Erano già trascorsi dieci anni che il Camerini già insignito dal S. Padre del titolo di Conte, e creato Gonfaloniere di Ferrara pagava gli annui Sc. 300 per la Beneficenza Artigianelli, quando nel 1856 spontaneamente scrisse all’Ecc.mo Baluffi esternando la sua determinazione di volere assicurare con Atto Pubblico l’annuale rendita dè 300 scudi non solo, ma in pari tempo d’instituire un’altra Beneficenza perpetua a favore dei poveri Cronici del Comune di Castel Bolognese. E difatti nel giorno 4 di novembre 1856 pel suo Mandatario Avv. Rizzoni di Ferrara fù stipulato in Imola a Rogiti dr. Paolo Galeati Cancelliere Vescovile un pubblico Istromento, col quale oltre l’assicurare in perpetuo l’annua rendita di Sc. 300 assegna un’altra annua rendita di Sc. 700 (circa 30 milioni d’oggi) in perpetuo a favore dei poveri Invalidi del comune di Castel Bolognese sua Terra nativa; in tutto Sc. 1.000 anni da pagarsi in due rate eguali di Sc. 500 scadibili l’una alli 29 settembre, e l’altra nel giorno di Natale di ogni anno incominciando coll’anno 1857 dando a garanzia di quest’annua assegnazione la Tenuta di Belricetto nella Parrocchia di San Bernardino Comune di Lugo coll’ipoteca di un capitale di Sc. 20.000. E così venne a fondare le due Beneficenze la prima col titolo “Opera Pia Camerini per Fanciulli e Fanciulle povere della terra di Castel Bolognese, onde apprendano le arti, e mestieri” e la seconda s’intitola “Opera Pia Camerini pei poveri Invalidi del Comune di Castel Bolognese” ed aggiunge “Ad effetto poi che dette Istituzioni abbiano mai sempre a raggiungere il migliore scopo morale possibile, e siano mantenute col miglior ordine desiderabile intende il lodato Benefattore Cav. Conte Camerini che dette Opere Pie si eriggano, e debbano sempre ritenere come erette in Imola, e ciò affinché la direzione principale delle stesse appartenga all’Em.mo Rev.mo Vescovo di detta Città, per il quale accetta, e stipula l’attuale E.mo Cardinale Arciv.
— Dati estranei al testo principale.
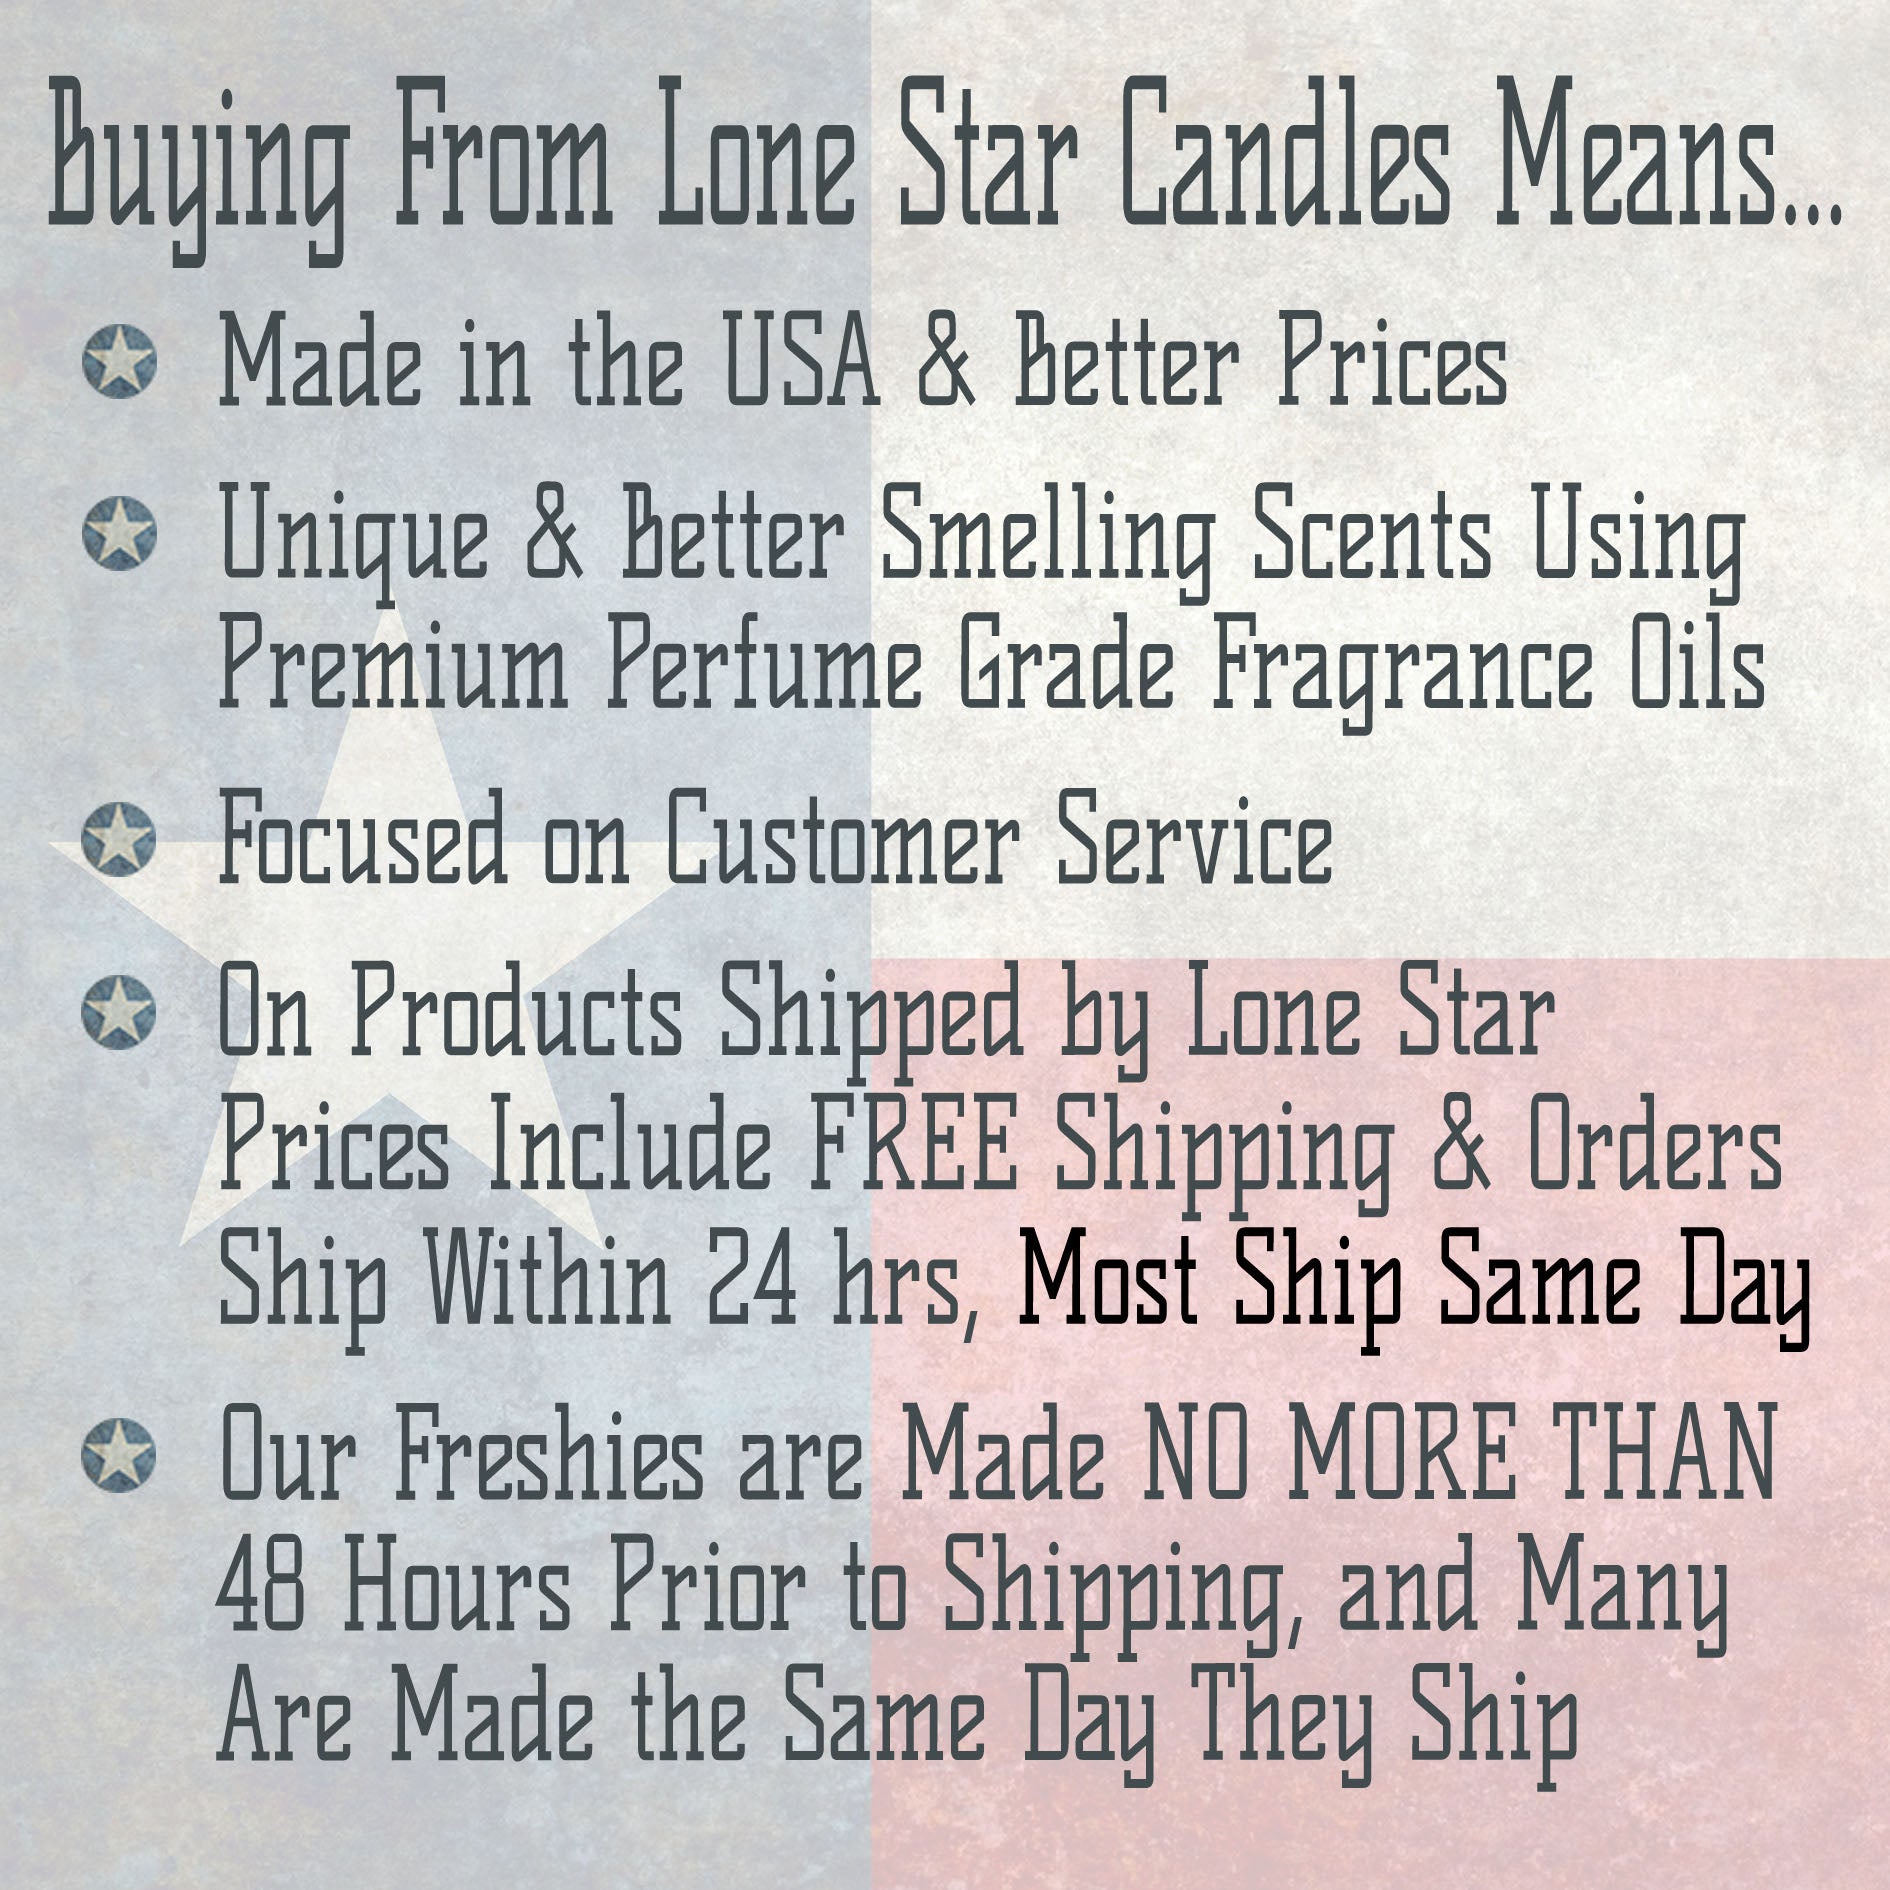 Strawberry Leather, Lone Star Candles & More's Premium Strongly Scented Freshies, Genuine Leather Aroma with Sweet & Juicy Strawberries, Car & Air Freshener, USA & Texas Made, High Heel 1-Pack
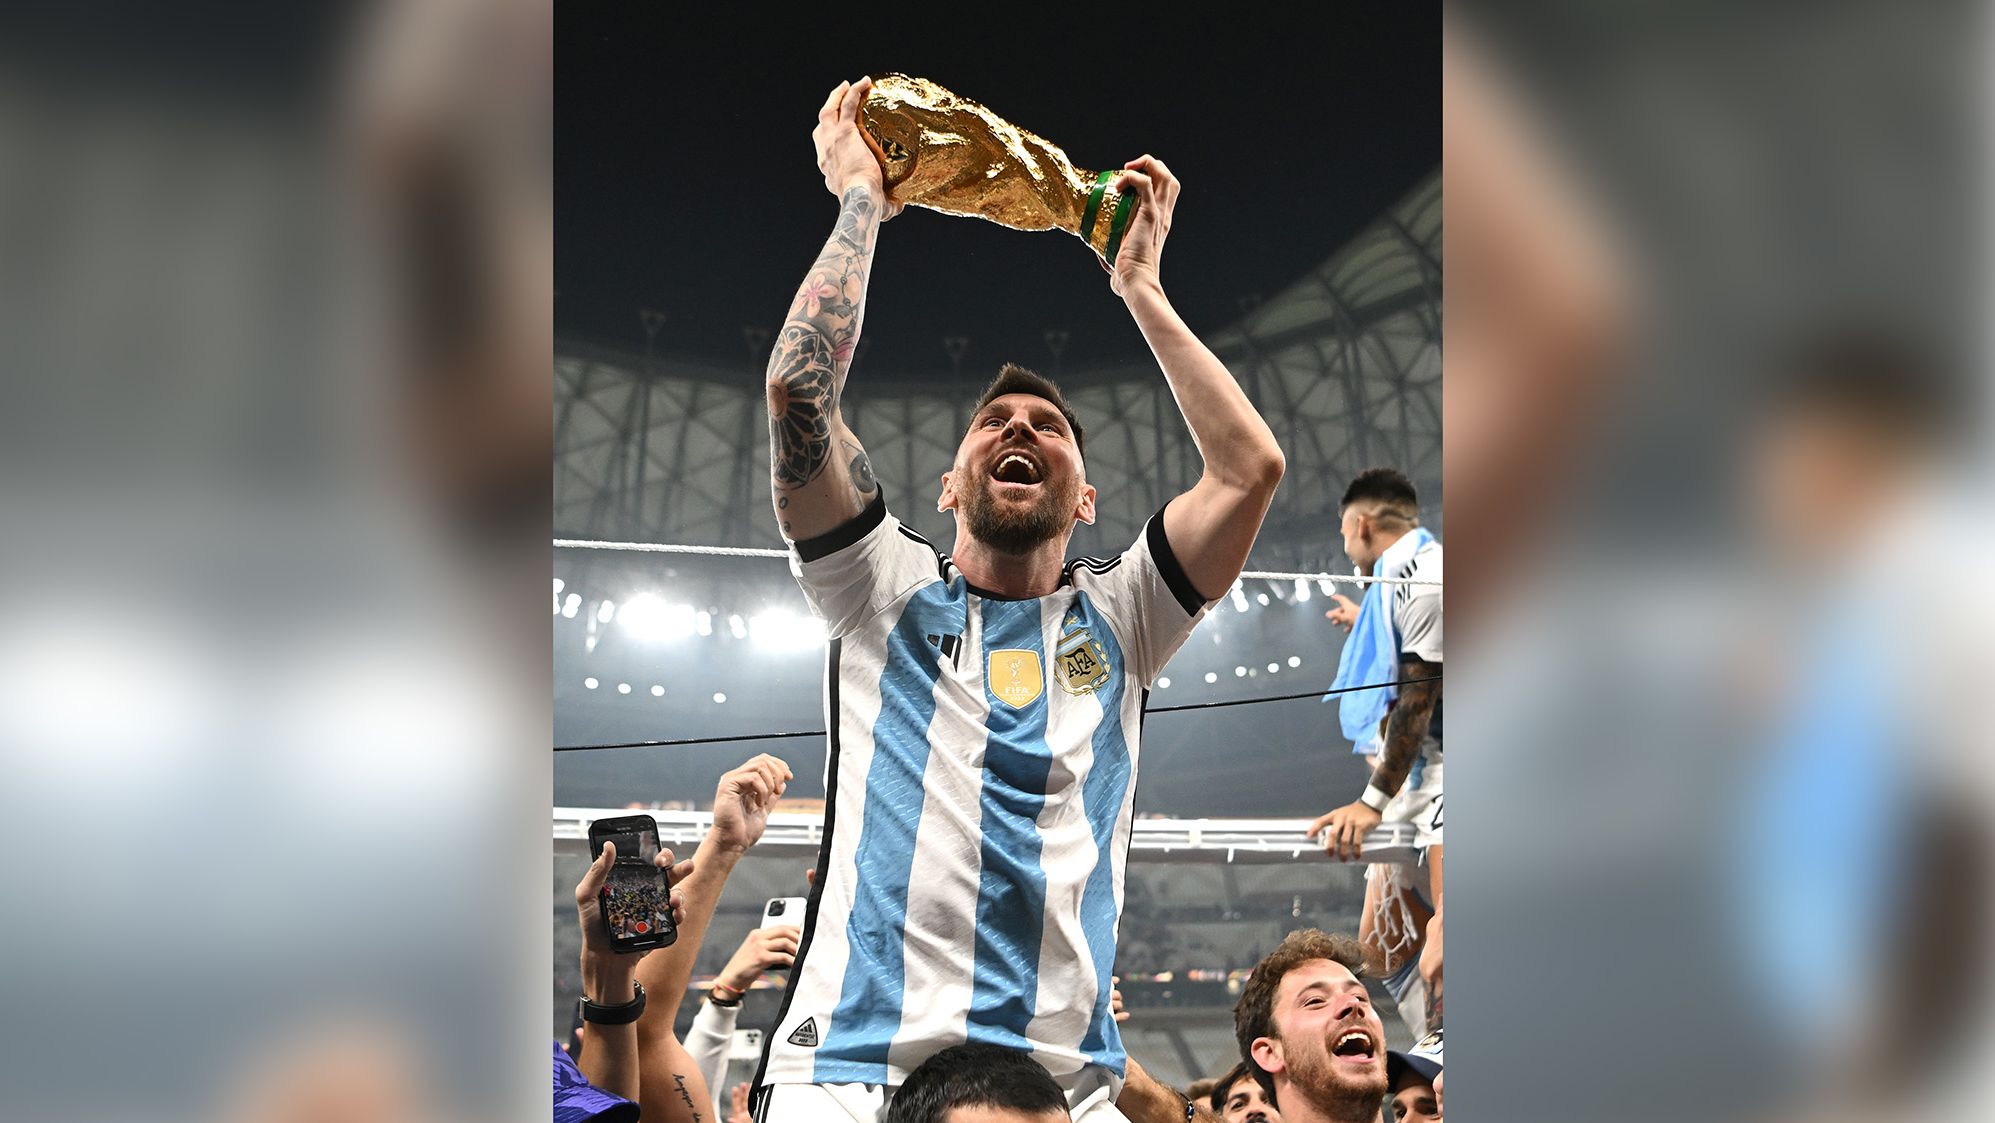 This photo of Lionel Messi taken by Shaun Botterill has become the most-liked post in Instagram's history.

Vescovo Gaetano Baluffi, e ciascuno suo successore nella sede Vescovile d’Imola abbia tutte le più opportune facoltà per adottare i modi, che troverà più morali, e proficui alla fondazione, e direzione delle Istituzioni medesime disponendo anche delle rendite dei primi anni per acquistare, od erigere una Fabbrica ecc., come verrà ritenuto conveniente, dichiarandosi fin d’ora approvato per parte del Sig. Conte Camerini quanto verrà fatto dalla sullodata Sua Eminenza, e suoi Successori.”

Prima che si facesse quest’istromento io già mi era portato a Ferrara col Magistrato per rendere le ben dovute grazie all’illustre Benefattore ed in questa Circostanza strinsi buona relazione col medesimo.
La seconda domenica di Novembre poi dopo la stipulazione dell’Istromento cantai una Messa Solenne con Te Deum di ringraziamento a Dio coll’intervento di tutte le Autorità del Paese, in questa Chiesa Arcipretale, e la sera vi fù illuminazione, e Festa Municipale.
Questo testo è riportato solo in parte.